▸ PROBLEM REQUIREMENTS:
Please output only the lines that run from the line containing "Gestell Flachstahl, loser" through the end of the material below, exactly.

▸ DATA EXTRACT:
-=-=-=-=-
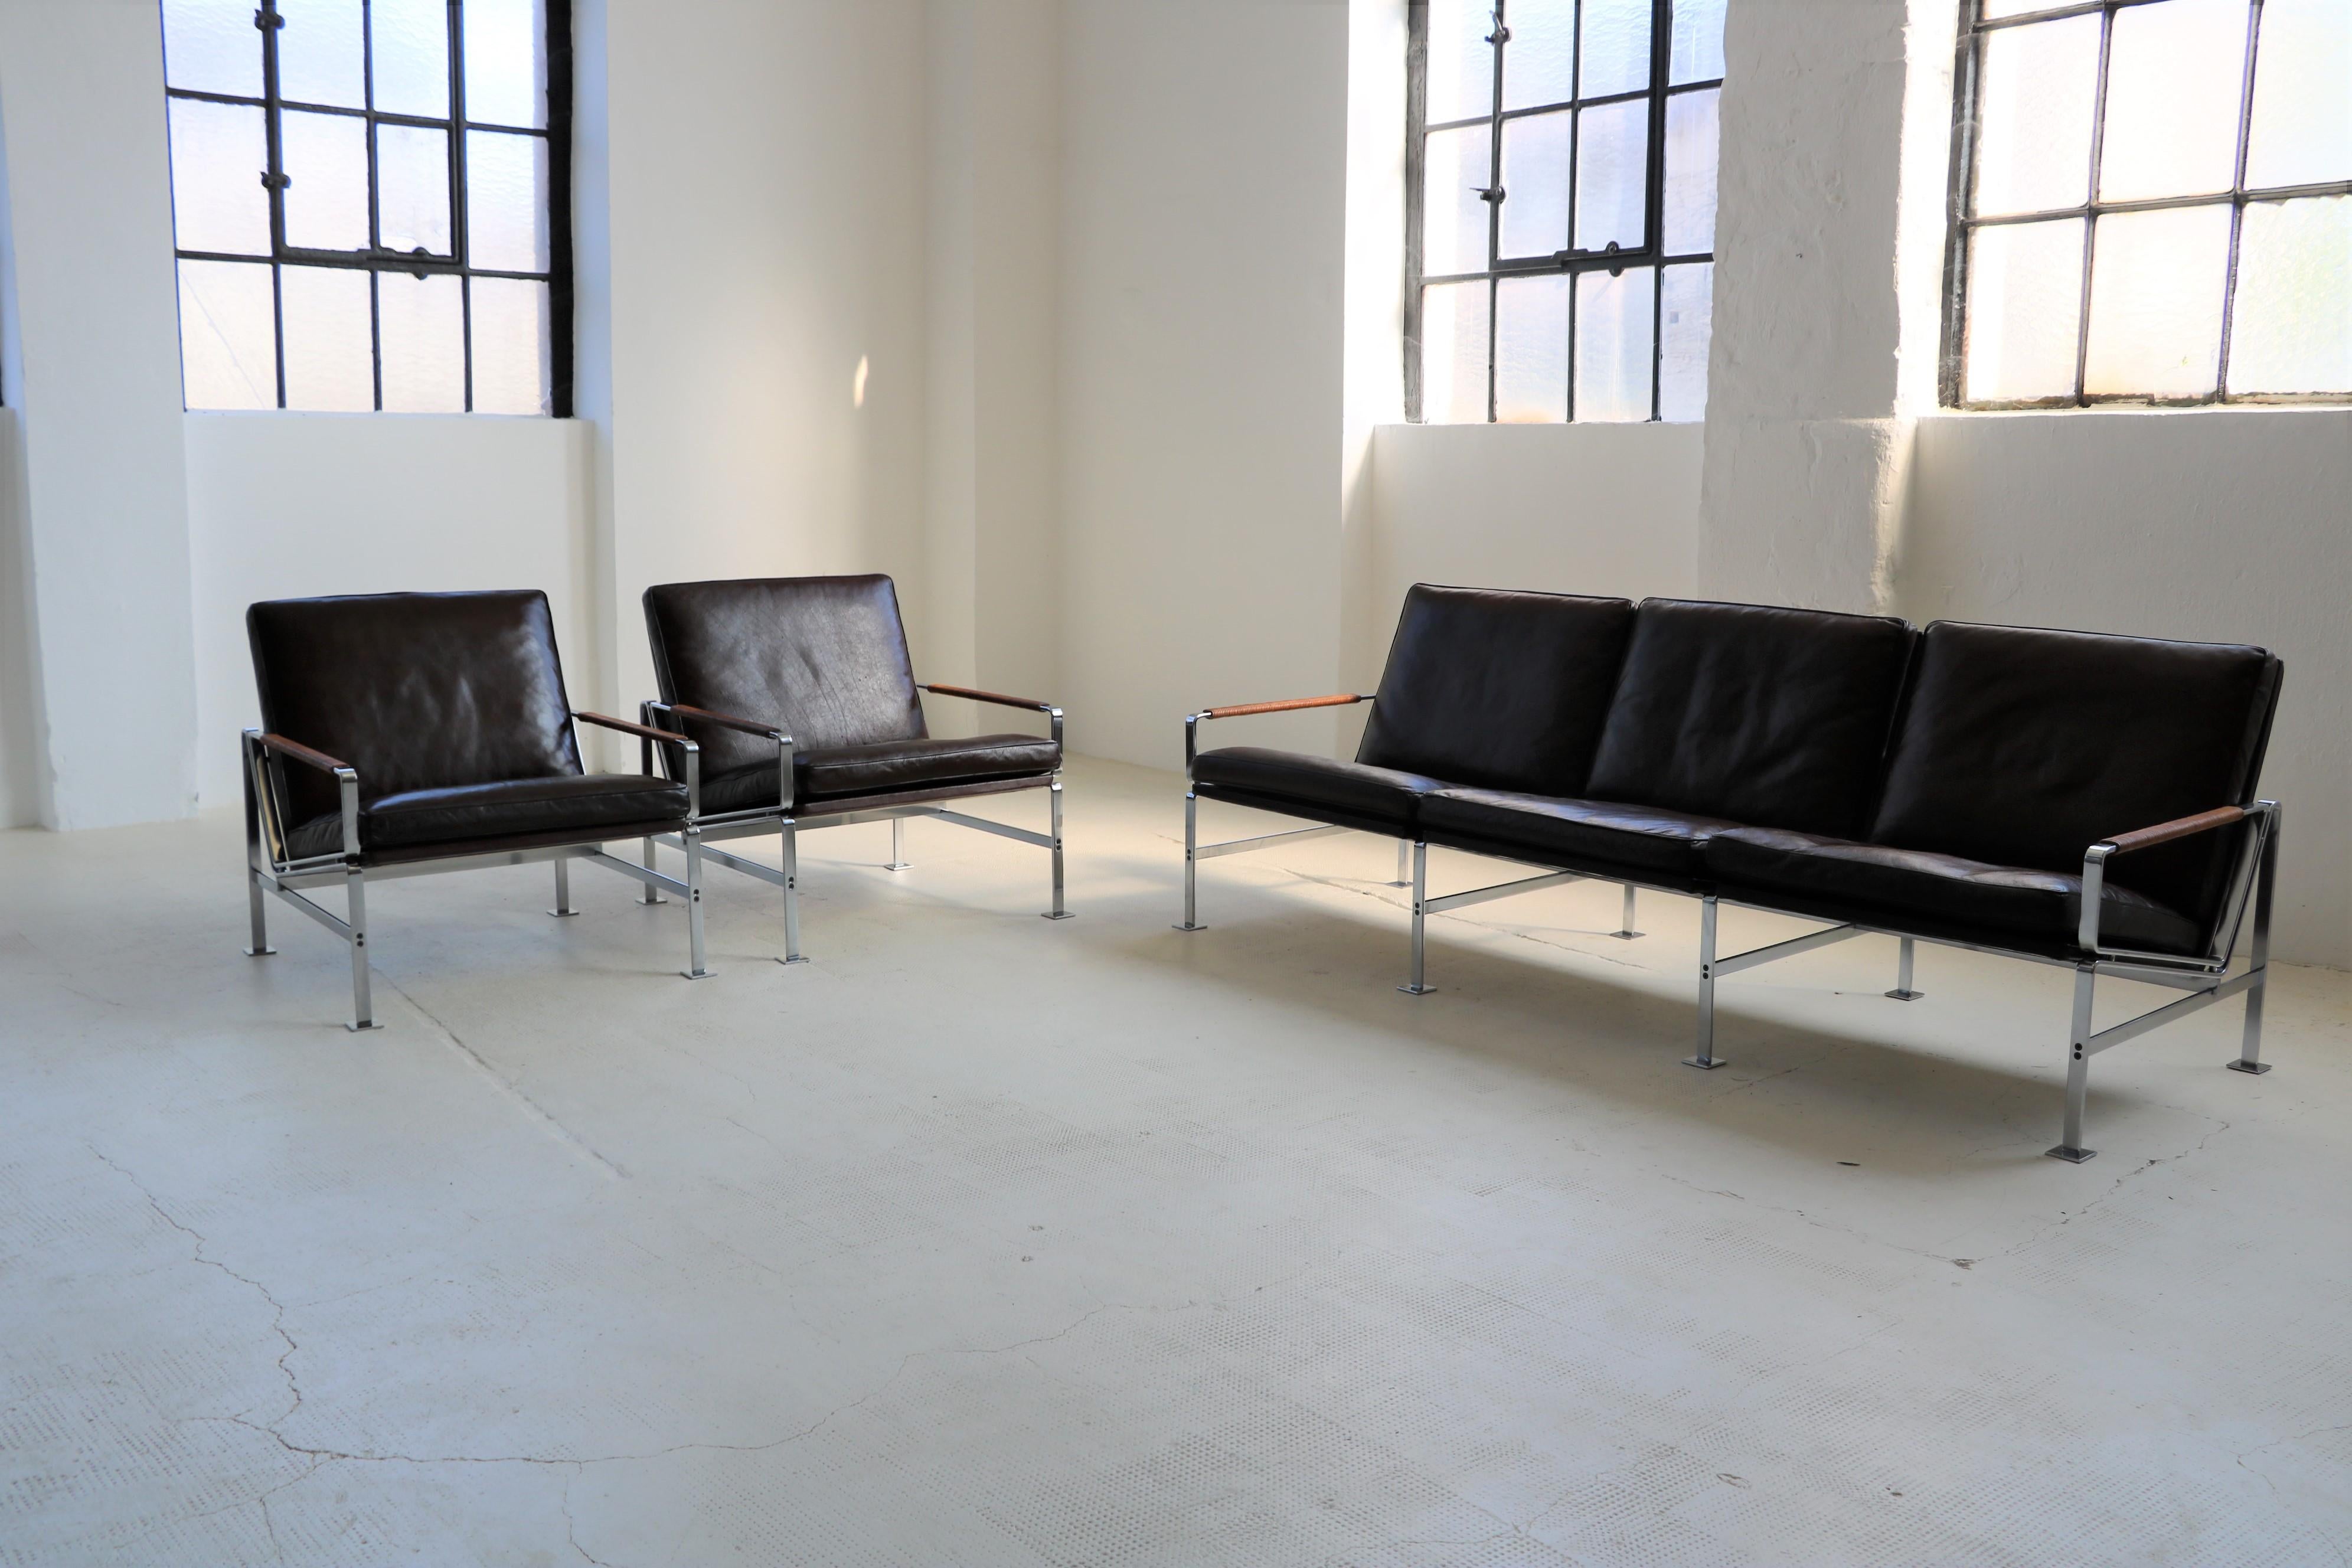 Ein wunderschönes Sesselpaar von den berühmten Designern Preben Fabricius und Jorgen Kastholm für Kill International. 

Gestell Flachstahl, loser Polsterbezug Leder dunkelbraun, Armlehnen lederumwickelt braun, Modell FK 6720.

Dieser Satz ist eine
-=-=-=-=-
▸ OUTPUT FOR THIS TASK:
Gestell Flachstahl, loser Polsterbezug Leder dunkelbraun, Armlehnen lederumwickelt braun, Modell FK 6720.

Dieser Satz ist eine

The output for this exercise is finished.